Here's a recent pic of my 40 gallon breeder. Followed everyone's advice on macro dosing and levels-and it worked too well. I only have three problems so far:I cant keep my aquascape in place long enough before plants grow everywhere (usually within 3 to 4 days!); I am new at aquascaping and havent got the hang of it yet; my solenoid and controller wont always work. But I have been lurking mainly and posting some, so I thought it was time for a pic. Any suggestions, criticisms, etc are more than welcome.


----------



## Pete City (Sep 18, 2004)

You can't complain about growth now can you.
I would start to check out some other hobbyists aquascapes and try to copy the ones you like. No matter how hard you try your aquascape will never look the same as someone else, so don't worry about being a copy cat.
Know start trimming that tank!


----------



## imported_BSS (Apr 14, 2004)

You've taken the first step, Grasshopper! Now, as quickly as you can, take up all those plants and try something totally different







. (And, if none of that makes any sense, then I guess I'm dating myself!).

It feels good to be able to make plants prosper, doesn't it.


----------



## imported_russell (Sep 14, 2004)

one good bit of advice i can give you is to trim back any overgrown plants. they will eventuall shade out and kill the plants below them. even the tops of one species can kill it's stems below.


----------



## Amphiprion (Jul 12, 2005)

Yeah, I know it is overgrown many times over. The problem is that after trimming, it gets that way again after about 3 days. This tank is actually at a relative's house, so I can only be there about once or twice a week, so I guess Ill have to get pics a day or so after I trim, huh?


----------



## Ben C (Apr 16, 2006)

hey amphiprion,

i like you tank very much, but i have one quick Q. if your other two tanks are marine, why is this one a "breeder" and not your main planted tank. What are you breeding in there? 
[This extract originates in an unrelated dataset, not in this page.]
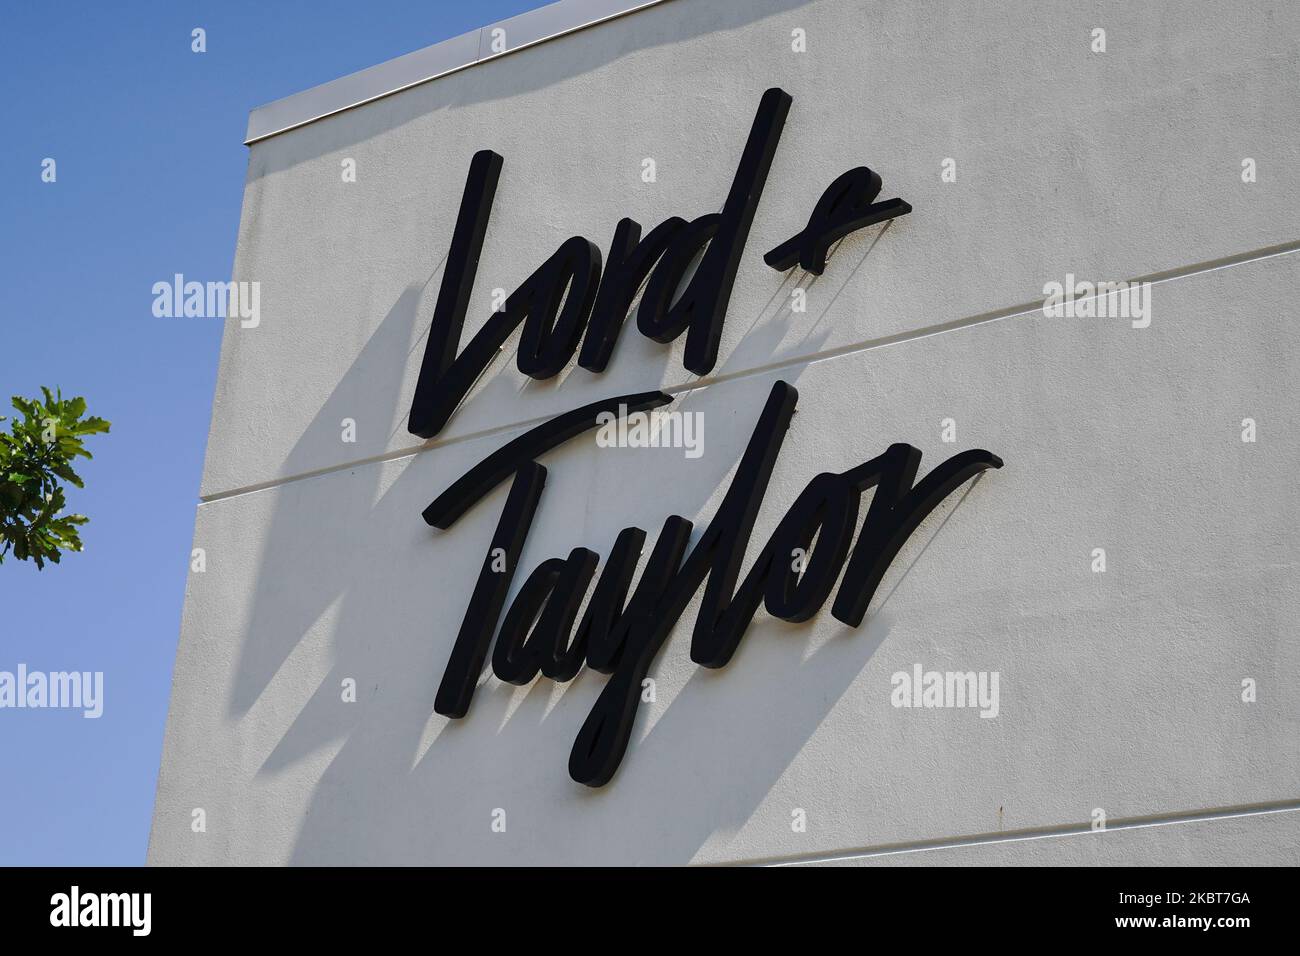 A view of a Lord & Taylor department store in Queens, New York, USA., on July 4, 2020. (Photo by John Nacion/NurPhoto) Stock Photo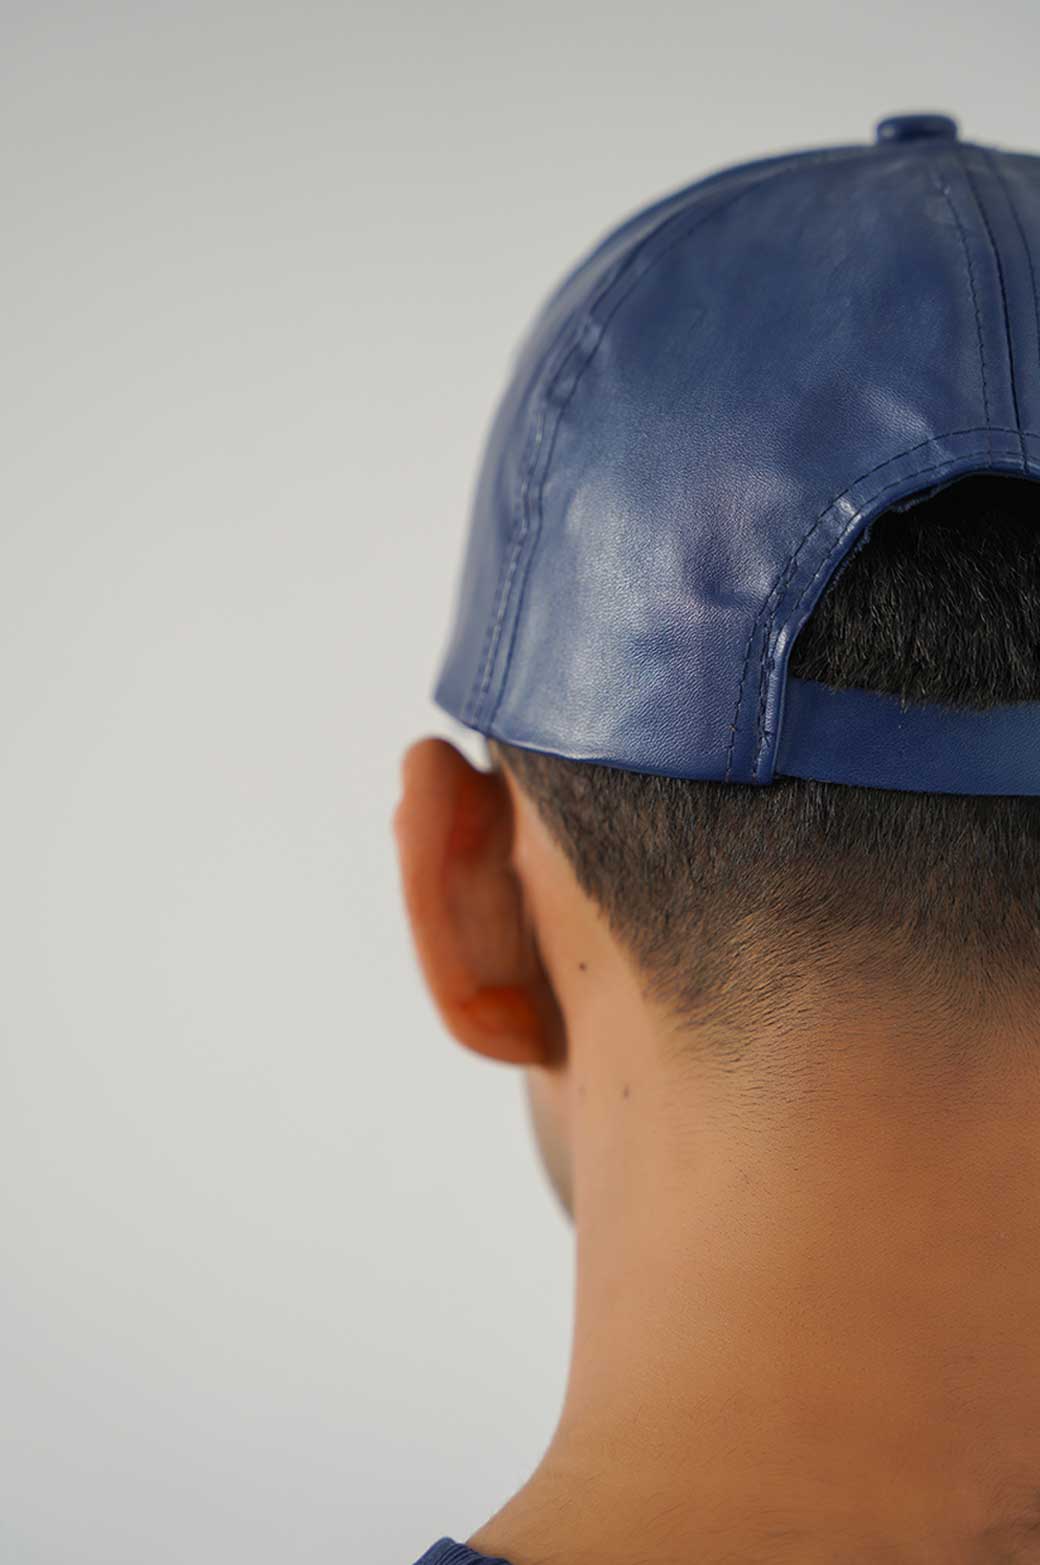 Faux Leather Cap - Valetica Sports

yeah, would be good to see it after a trim as well. 

thanks


----------



## Amphiprion (Jul 12, 2005)

Sorry about that Ben C, I was by no means trying to be esoteric. A 40 breeder is the style of tank (in regards to its dimensions)and not necessarily devoted to breed fish. The tank is 36" x 18" x 16" (LxWxH), so is actually shorter and wider than similar volume tanks. Oh, and I dont really purposefully breed anything, but a few fish do reproduce, such as cory cats, tetras, and SAEs (never managed to get SAE fry to live, though.)


----------